Posture is the position in which you hold your body while standing, sitting or lying down. Good posture involves training your body to stand, walk, sit and lie so as to place the least strain on muscles and ligaments while you are moving or performing weight-bearing activities.
Good posture means that your ear, shoulder, hip, knee and ankle are in alignment from the side. In a standing position, good posture involves:
- Chin parallel to the floor.
- Shoulders back and even.
- Spine in a neutral position, with no excessive arching of your back.
- Arms hanging loosely at your sides.
- Core muscles gently engaged.
- Knees even and pointing forward.
- Body weight evenly distributed over both of your feet.
In a seated position, your chin should be parallel to the floor, with your shoulders, hips and knees even, and your knees and feet pointing forward.
Benefits of Good Posture
Good posture helps you in the following ways:
- Keeps bones and joints in the correct position (alignment) so that muscles are being used properly.
- Helps cut down on the wear and tear of joint surfaces (such as the knee) to help prevent the onset of arthritis.
- Decreases the strain on the ligaments in the spine.
- Prevents the spine from becoming fixed in abnormal positions.
- Reduce fatigue because muscles are being used more efficiently, which allows the body to use less energy.
- Prevents backache and muscular pain
Effects of Poor Posture
Unfortunately, good posture can be a challenge to maintain. Humans weren’t designed to sit in chairs or hold prolonged postures. We are designed to move! There are a number of factors responsible for poor posture; the most common factors that lead to poor posture include a sedentary lifestyle, obesity, stress, weak or tightened muscles, and pregnancy.
Poor posture can affect your body from head to toe; common conditions that can arise due to poor posture include:
- Jaw pain
- Neck and back pain
- Hip, knee and foot pain
- Shoulder pain
- Fatigue and breathing issues
Exercising to Improve Posture
You can improve your posture by performing certain core strength and flexibility exercises, particularly for your chest and hip muscles. It’s important to be conscious of your posture while you exercise, which may mean checking your position in the mirror or having a qualified physiotherapist monitor your exercise program. The good news is that once you start increasing your core strength and overall flexibility, you’ll start to notice improvements in your posture in a few short weeks.

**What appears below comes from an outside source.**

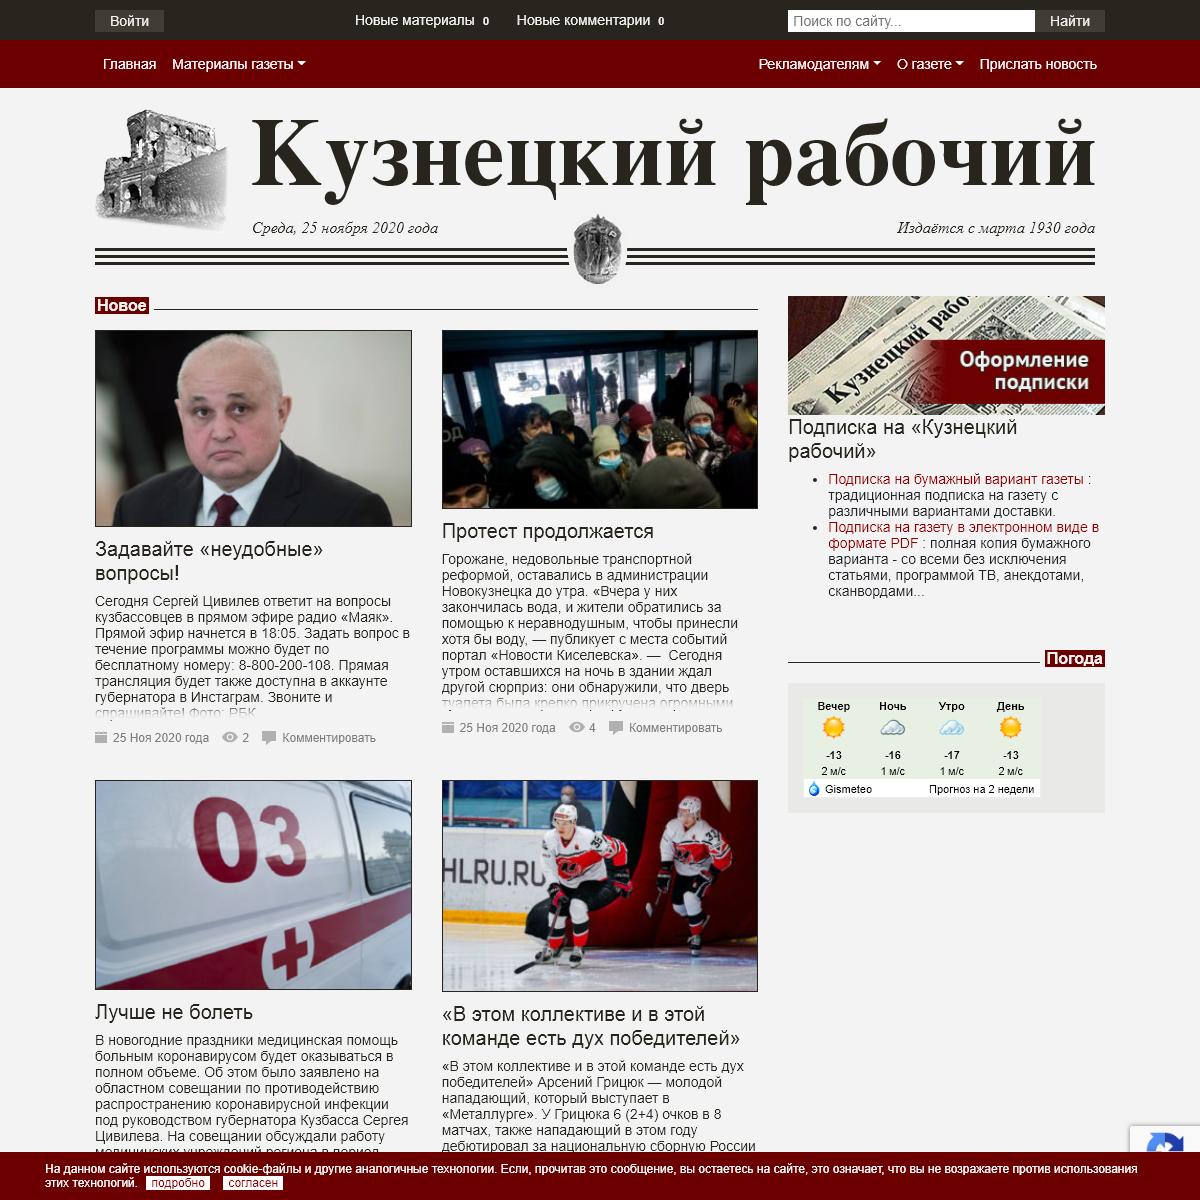 Кузнецкий рабочий - Ещё один сайт на WordPress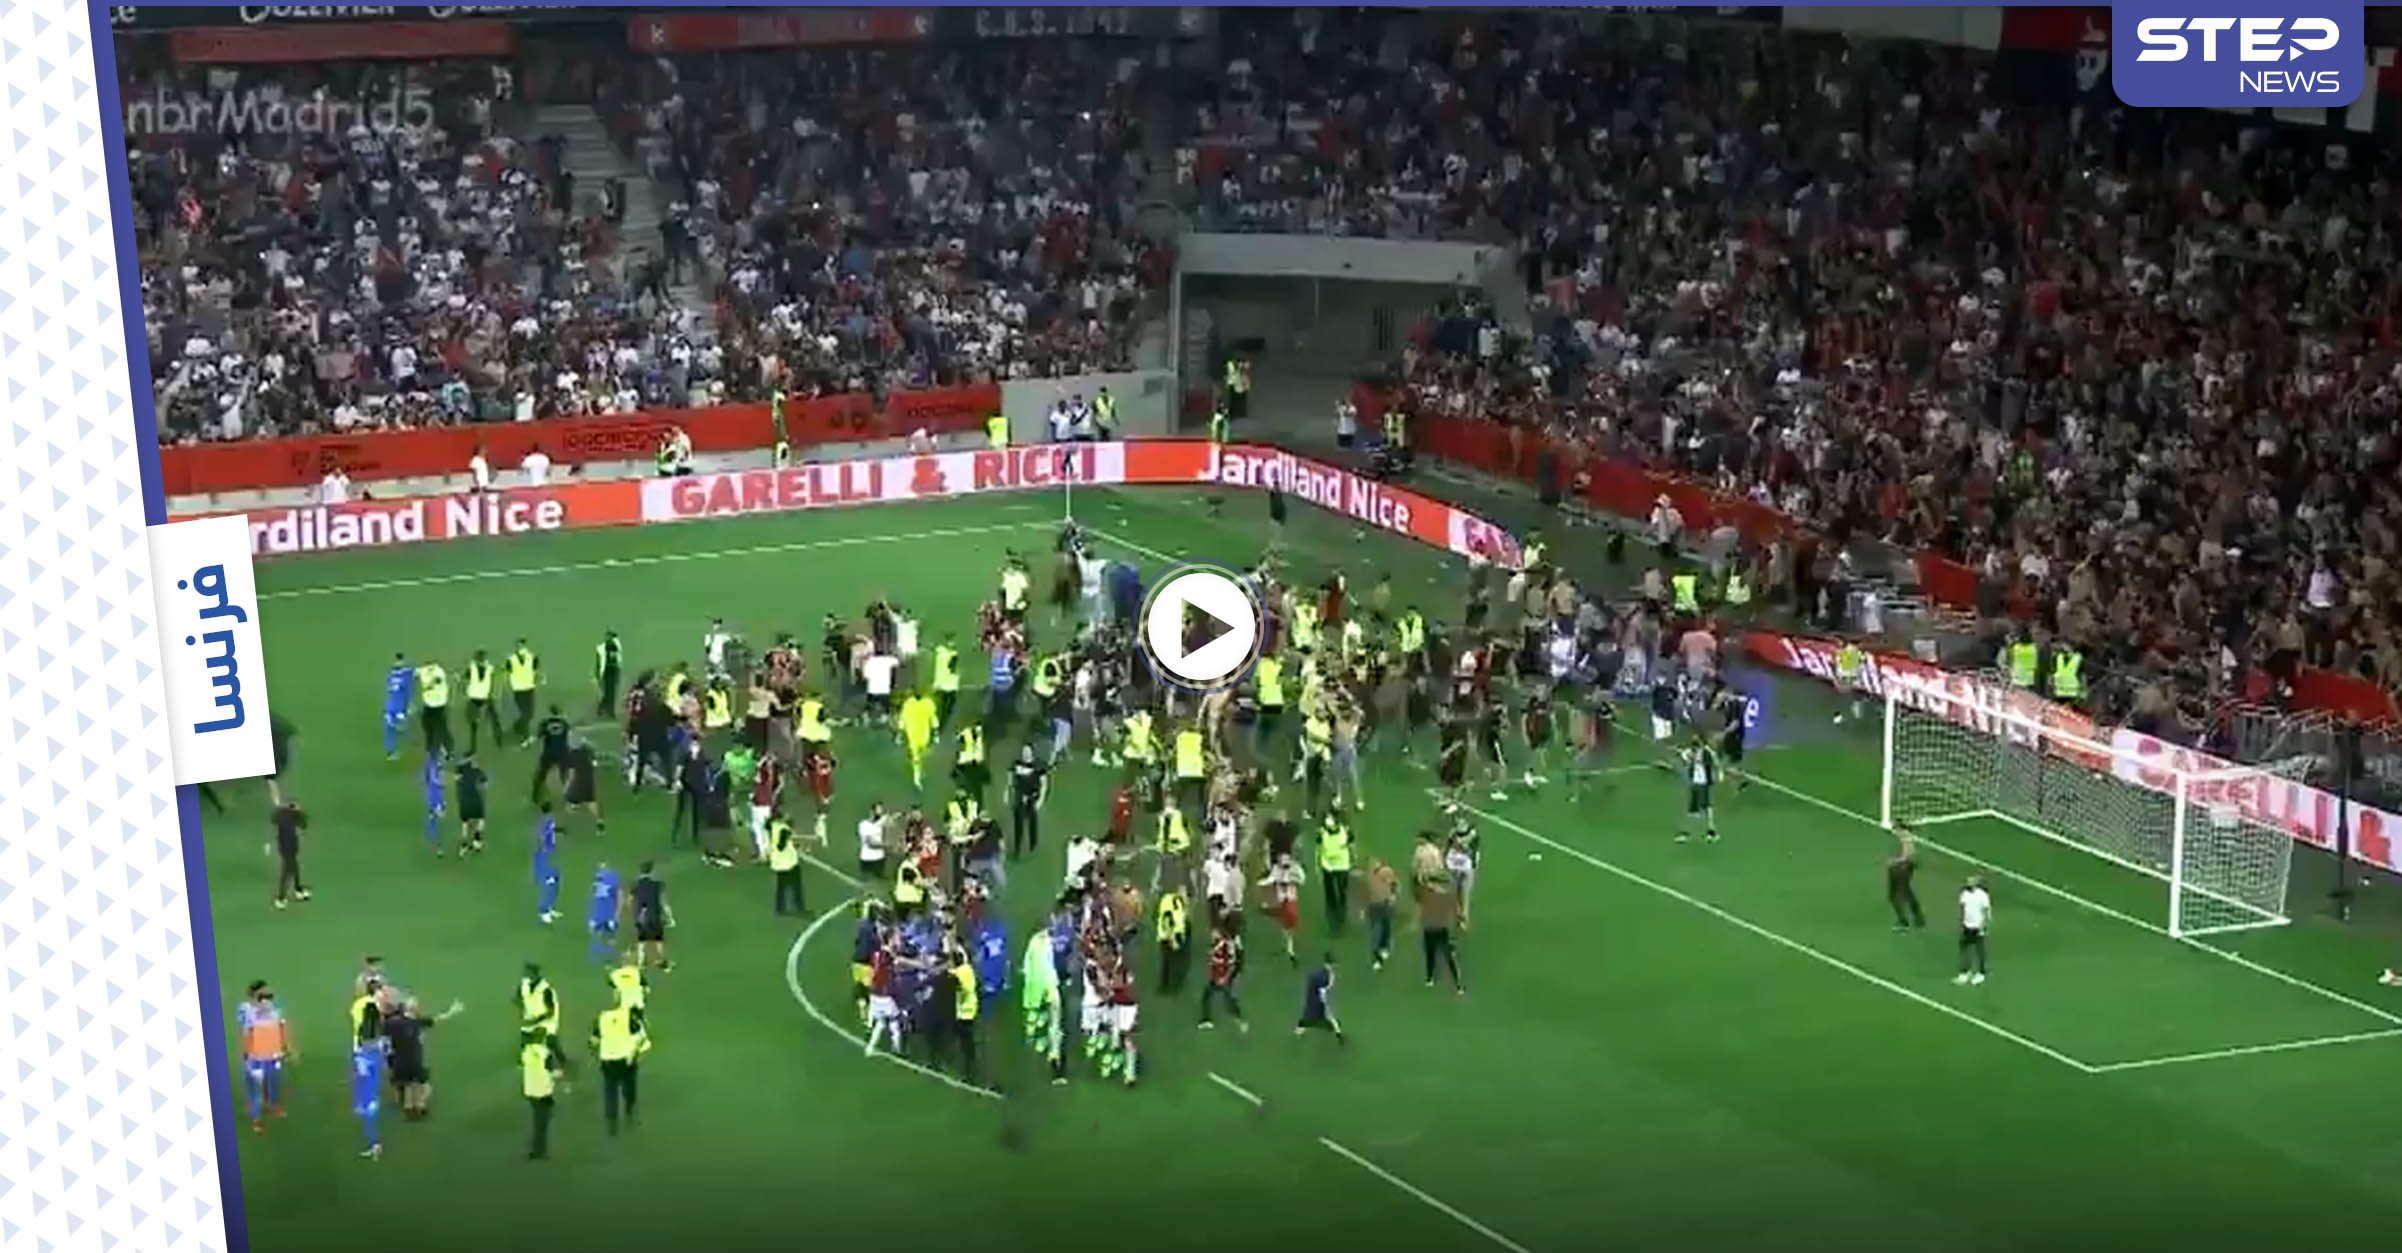 بالفيديو|| إيقاف مباراة في الدوري الفرنسي بعد اقتحام الجماهير لأرض الملعب والهجوم على اللاعبين

Everyday Tips to Improve Posture
In addition to increasing your core strength and flexibility through exercise, there are numerous things you can do every day to improve your posture, including:
- Being mindful of your posture during the day, especially when sitting at your desk. Try things like using external reminders to check your posture such as whenever a phone rings, or an email notification comes up.
- Having an ergonomically friendly workstation. A sit to stand desk can make posture changes easier and change the prolonged loads your body experiences when you have only one predominant position like sitting.
- Maintaining a healthy weight.
- Get regular cardiovascular and resistance exercise to keep your muscles supple, your joints supported and your bones strong.
- Get some help from the professionals when you can: Physiotherapy and Massage Therapy make a great combination approach to strengthening weak muscles and lengthening short muscles.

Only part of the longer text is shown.